Center for Cognitive Health, Portland, OR, USA.
Am J Alzheimers Dis Other Demen. 2020 Jan-Dec;35:1533317520960873. doi: 10.1177/1533317520960873.
Stress responses are essential for survival, but become detrimental to health and cognition with chronic activation. Chronic hypothalamic-pituitary-adrenal axis release of glucocorticoids induces hypothalamic-pituitary-adrenal axis dysfunction and neuronal loss, decreases learning and memory, and modifies glucocorticoid receptor/mineralocorticoid receptor expression. Elderly who report increased stress are nearly 3 times more likely to develop Alzheimer's disease, have decreased global cognition and faster cognitive decline than those reporting no stress. Patients with mild cognitive impairment are more sensitive to stress compared to healthy elderly and those with Alzheimer's disease. Stress may also transduce neurodegeneration via the gut microbiome. Coping styles determine hippocampal mineralocorticoid receptor expression in mice, indicating that coping modifies cortisol's effect on the brain. Identifying neuroprotective coping strategies that lessen the burden of stress may prevent or slow cognitive decline. Treatments and education designed to reduce stress should be recognized as neuroprotective.

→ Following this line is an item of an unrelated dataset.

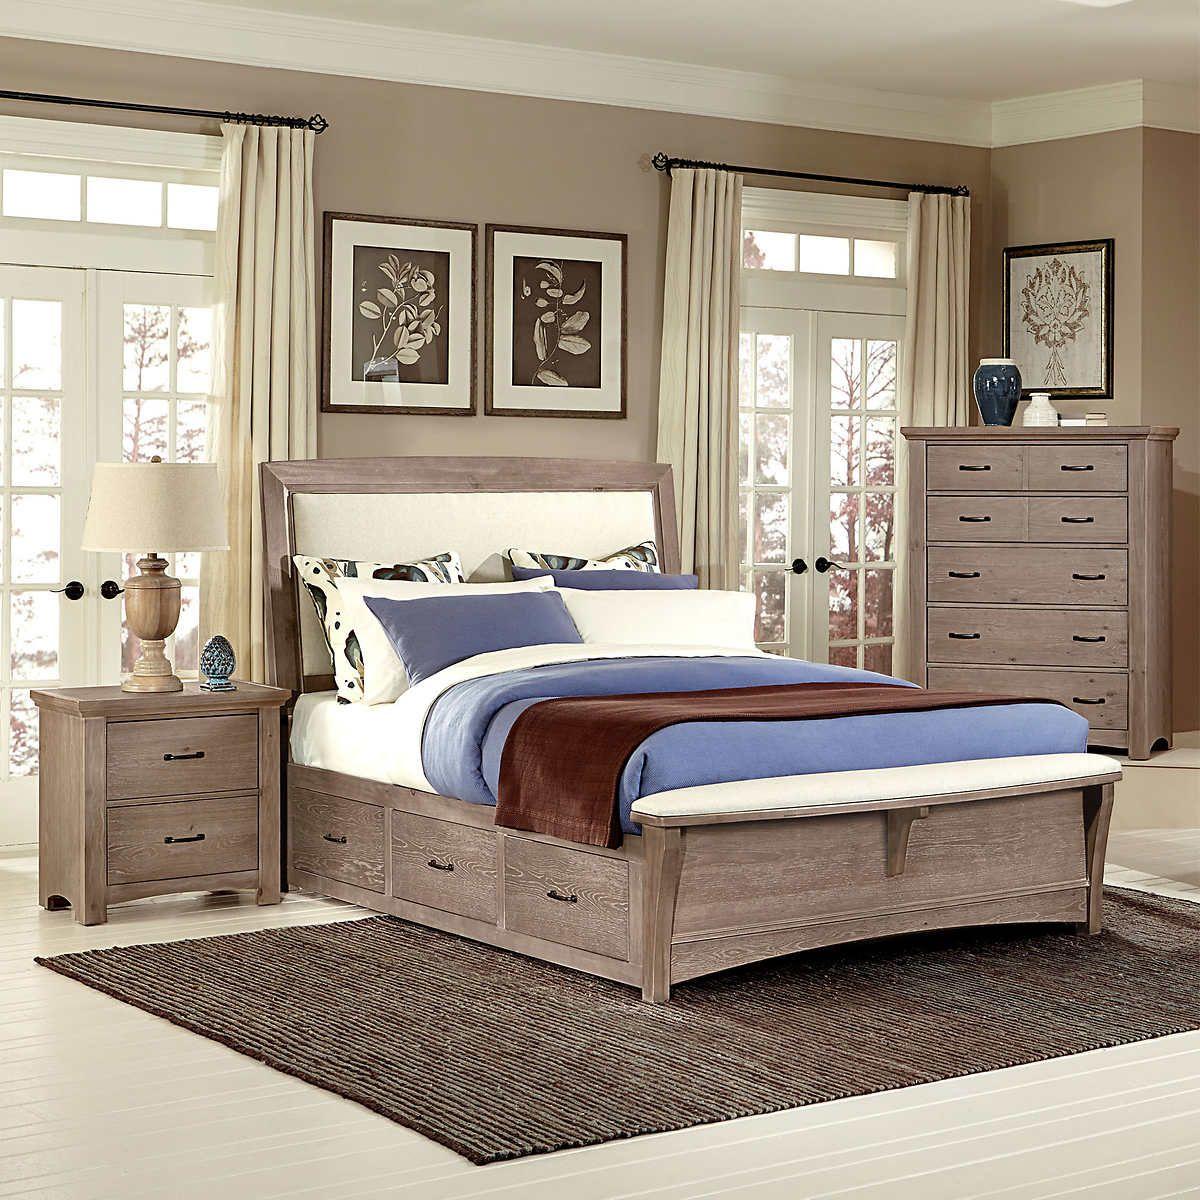 Chambers dual storage 4piece king bedroom set master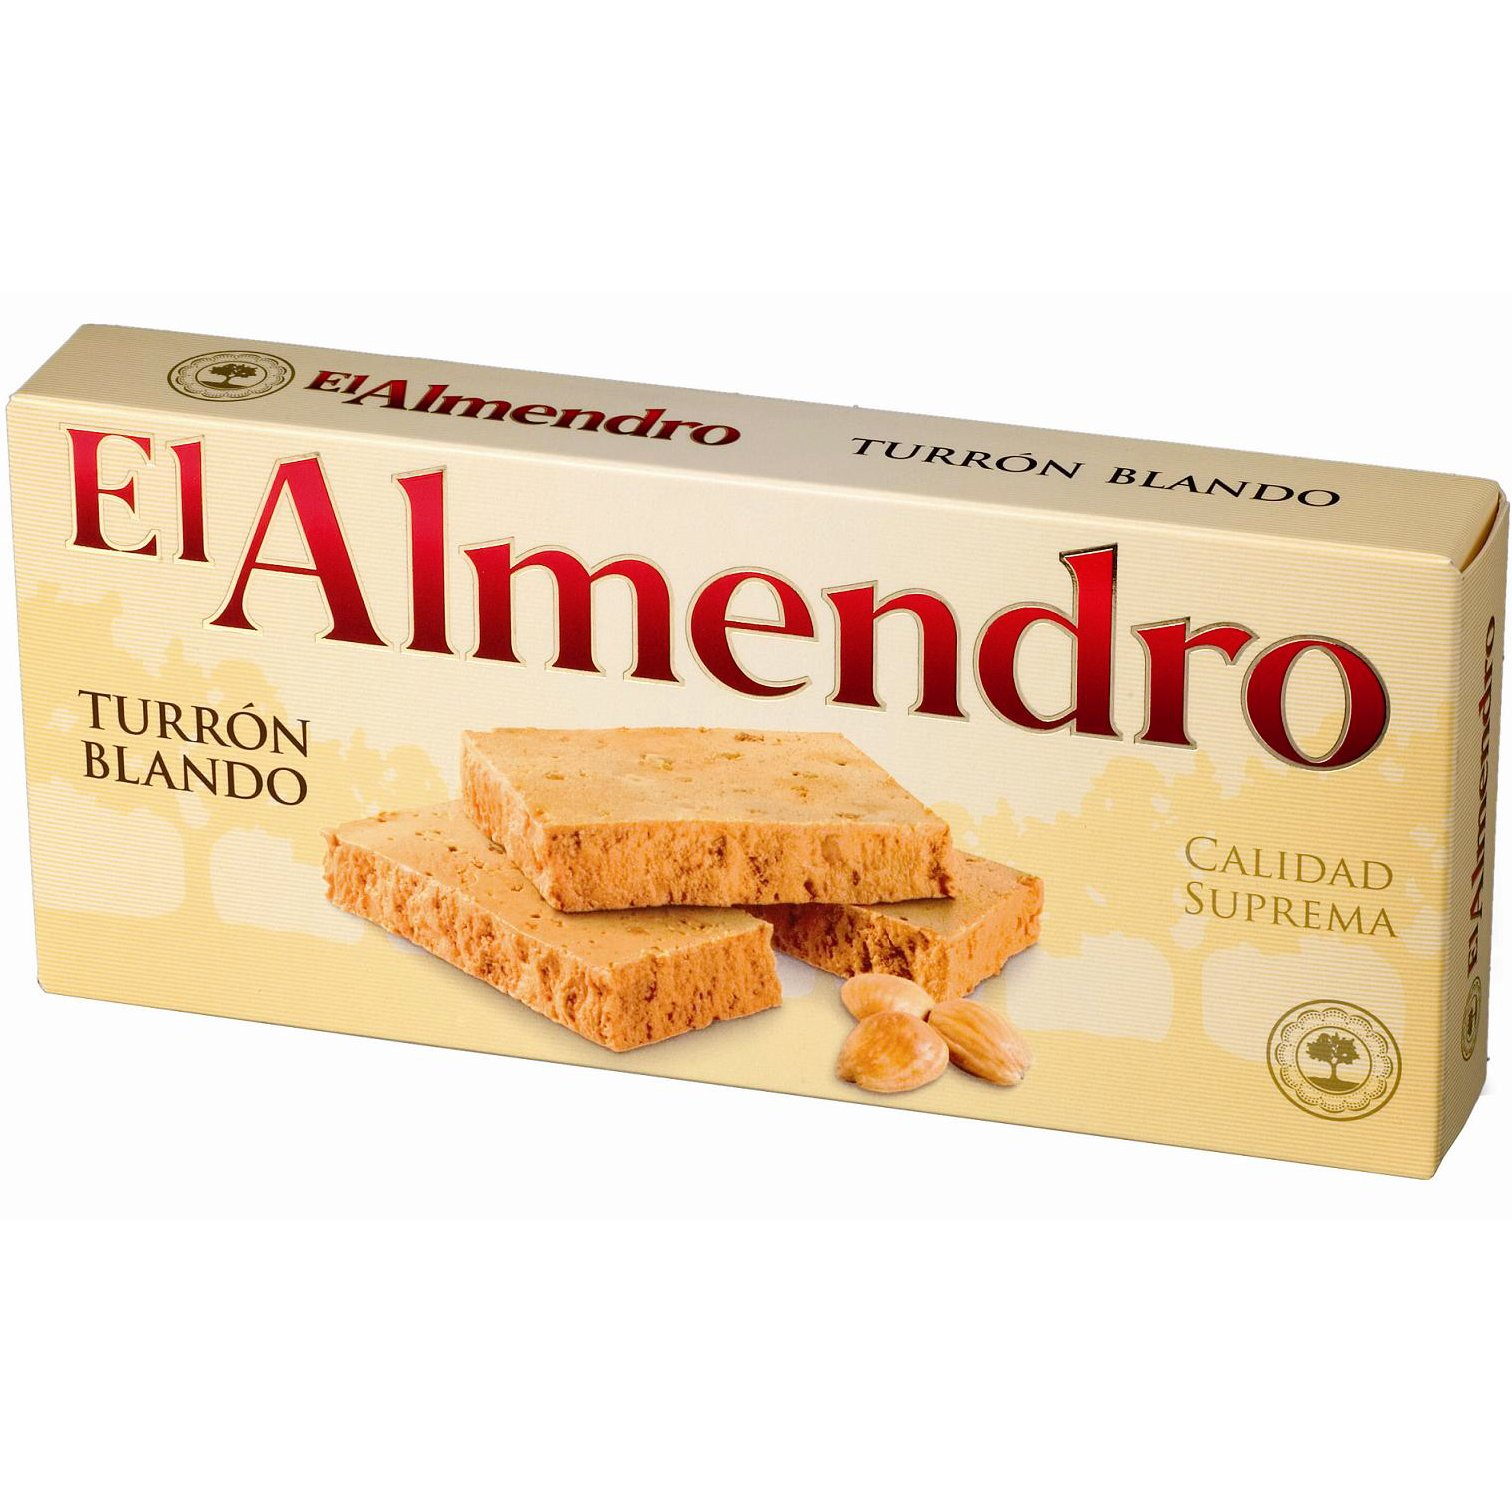 El Almendro Turron Blando 200 grs (7 oz.) 2-Pack

应激反应对生存至关重要,但慢性激活会对健康和认知造成损害。慢性下丘脑-垂体-肾上腺轴释放糖皮质激素会导致下丘脑-垂体-肾上腺轴功能障碍和神经元丢失,降低学习和记忆能力,并改变糖皮质激素受体/盐皮质激素受体的表达。报告压力增加的老年人患阿尔茨海默病的风险几乎增加了 3 倍,与报告无压力的老年人相比,他们的整体认知能力下降更快,认知衰退速度更快。与健康老年人和阿尔茨海默病患者相比,轻度认知障碍患者对压力更敏感。压力也可能通过肠道微生物组传递神经退行性变。应对方式决定了小鼠海马盐皮质激素受体的表达,表明应对方式改变了皮质醇对大脑的影响。确定减轻压力负担的神经保护应对策略可能预防或减缓认知衰退。旨在减轻压力的治疗和教育应被视为神经保护。